U.S. Pat. No. 3,837,339 to Aisenberg et al., describes techniques for monitoring blood glucose levels, including an implantable glucose diffusion-limited fuel cell. The output current of the fuel cell is proportional to the glucose concentration of the body fluid electrolyte and is therefore directly indicative of the blood glucose level. This information is telemetered to an external receiver which generates an alarm signal whenever the fuel cell output current exceeds or falls below a predetermined current magnitude which represents a normal blood glucose level. Valve means are actuated in response to the telemetered information to supply glucose or insulin to the monitored living body.
U.S. Pat. Nos. 5,368,028 and 5,101,814 to Palti, describe methods and apparatus for monitoring blood glucose levels by implanting glucose sensitive living cells, which are enclosed in a membrane permeable to glucose but impermeable to immune system cells, inside a patient. Cells that produce detectable electrical activity in response to changes in blood glucose levels are used in the apparatus along with sensors for detecting the electrical signals, as a means for detecting blood glucose levels. Human beta cells from the islets of Langerhans of the pancreas, sensor cells in taste buds, and alpha cells from the pancreas are discussed as appropriate glucose sensitive cells.
Methods for immunoprotection of biological materials by encapsulation are described, for example, in U.S. Pat. Nos. 4,352,883, 5,427,935, 5,879,709, 5,902,745, and 5,912,005. The encapsulating material is typically selected so as to be biocompatible and to allow diffusion of small molecules between the cells of the environment while shielding the cells from immunoglobulins and cells of the immune system. Encapsulated beta cells, for example, can be injected into a vein (in which case they will eventually become lodged in the liver) or embedded under the skin, in the abdominal cavity, or in other locations. Fibrotic overgrowth around the implanted cells, however, gradually impairs substance exchange between the cells and their environment. Hypoxia of the cells typically leads to cell death.
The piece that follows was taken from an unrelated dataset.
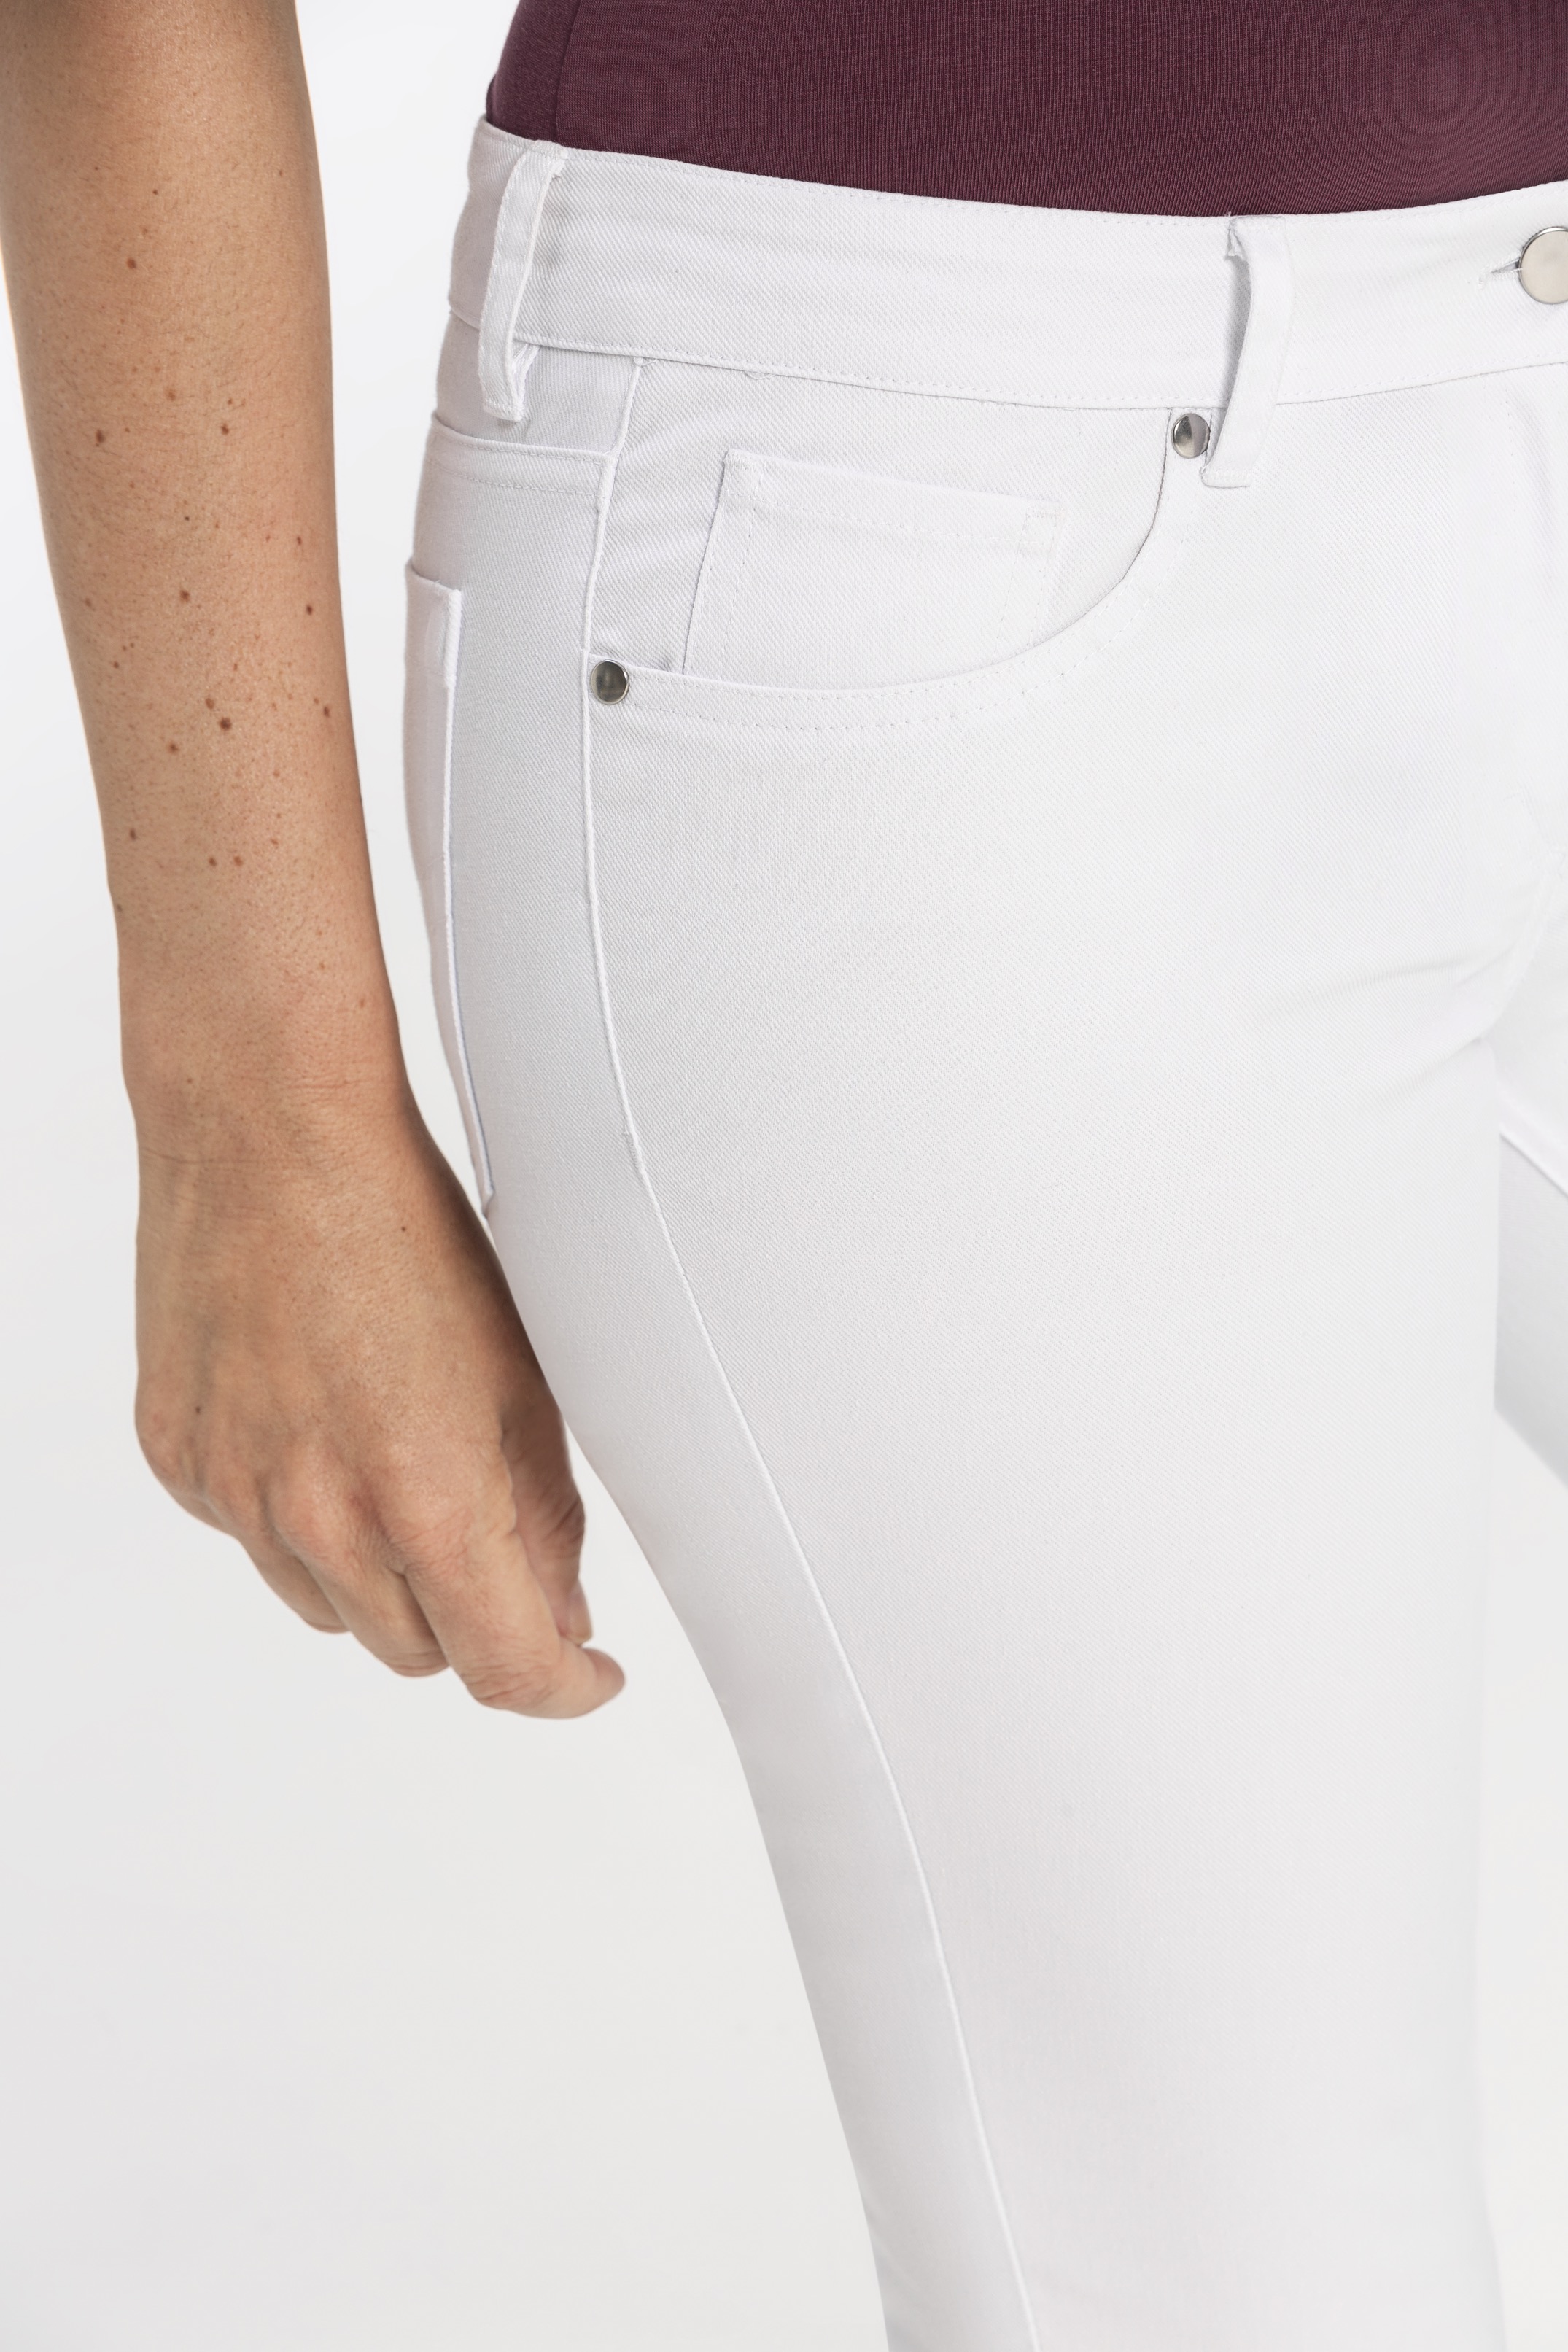 Damen-Hose "Five Pocket" Regular Fit

PCT Patent Publication WO 2006/006166 to Gross et al., which is incorporated herein by reference, describes a protein, including a glucose binding site, cyan fluorescent protein (CFP), and yellow fluorescent protein (YFP). The protein is described as being configured such that binding of glucose to the glucose binding site causes a reduction in a distance between the CFP and the YFP. Apparatus is also described for detecting a concentration of a substance in a subject, the apparatus comprising a housing adapted to be implanted in the subject. The housing comprises an optical detector, and cells genetically engineered to produce, in a patient's body, a FRET protein comprising a fluorescent protein donor, a fluorescent protein acceptor, and a protein containing a binding site for the substance.
United States Patent Application Publication 2005/0118726 to Schultz et al., describes a method for making a fusion protein, having a first binding moiety having a binding domain specific for a class of analytes that undergoes a reproducible allosteric change in conformation when said analytes are reversibly bound; a second moiety and third moiety that are covalently linked to either side of the first binding moiety such that the second and third moieties undergo a change in relative position when an analyte of interest molecule binds to the binding moiety; and the second and third moieties undergo a change in optical properties when their relative positions change and that change can be monitored remotely by optical means. A system and method is also described for detecting glucose that uses such a fusion protein in a variety of formats including subcutaneously and in a bioreactor.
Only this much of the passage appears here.